Your task: Among the entries below, extract exactly the lines that run from the one with "Prime Time Pike" through the one with "Girl wearing denim", both ends included.
----------
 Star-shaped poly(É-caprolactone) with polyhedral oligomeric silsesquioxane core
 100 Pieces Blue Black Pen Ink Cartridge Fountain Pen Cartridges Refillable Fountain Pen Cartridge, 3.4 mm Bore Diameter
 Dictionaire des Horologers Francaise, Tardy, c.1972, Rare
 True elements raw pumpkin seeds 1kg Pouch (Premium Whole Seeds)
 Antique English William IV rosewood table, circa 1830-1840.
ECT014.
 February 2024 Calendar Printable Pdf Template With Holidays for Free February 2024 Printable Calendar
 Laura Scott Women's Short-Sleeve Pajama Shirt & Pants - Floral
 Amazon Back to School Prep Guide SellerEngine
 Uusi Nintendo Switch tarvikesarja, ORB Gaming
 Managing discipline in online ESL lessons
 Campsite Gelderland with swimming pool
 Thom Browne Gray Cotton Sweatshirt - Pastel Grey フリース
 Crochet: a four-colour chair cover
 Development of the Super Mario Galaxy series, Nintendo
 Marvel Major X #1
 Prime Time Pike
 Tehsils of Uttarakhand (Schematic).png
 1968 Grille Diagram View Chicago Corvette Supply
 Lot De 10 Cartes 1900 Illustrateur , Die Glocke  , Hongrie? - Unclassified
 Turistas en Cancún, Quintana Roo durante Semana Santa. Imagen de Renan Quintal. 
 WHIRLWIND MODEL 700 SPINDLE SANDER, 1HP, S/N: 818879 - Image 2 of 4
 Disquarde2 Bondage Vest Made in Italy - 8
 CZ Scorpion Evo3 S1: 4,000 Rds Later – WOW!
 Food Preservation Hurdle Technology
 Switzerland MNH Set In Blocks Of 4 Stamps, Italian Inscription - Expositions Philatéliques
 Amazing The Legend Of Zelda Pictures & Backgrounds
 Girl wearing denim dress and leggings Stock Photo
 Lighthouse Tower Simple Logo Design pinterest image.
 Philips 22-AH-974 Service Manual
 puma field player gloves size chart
----------
Result of the task:
 Prime Time Pike
 Tehsils of Uttarakhand (Schematic).png
 1968 Grille Diagram View Chicago Corvette Supply
 Lot De 10 Cartes 1900 Illustrateur , Die Glocke  , Hongrie? - Unclassified
 Turistas en Cancún, Quintana Roo durante Semana Santa. Imagen de Renan Quintal. 
 WHIRLWIND MODEL 700 SPINDLE SANDER, 1HP, S/N: 818879 - Image 2 of 4
 Disquarde2 Bondage Vest Made in Italy - 8
 CZ Scorpion Evo3 S1: 4,000 Rds Later – WOW!
 Food Preservation Hurdle Technology
 Switzerland MNH Set In Blocks Of 4 Stamps, Italian Inscription - Expositions Philatéliques
 Amazing The Legend Of Zelda Pictures & Backgrounds
 Girl wearing denim dress and leggings Stock Photo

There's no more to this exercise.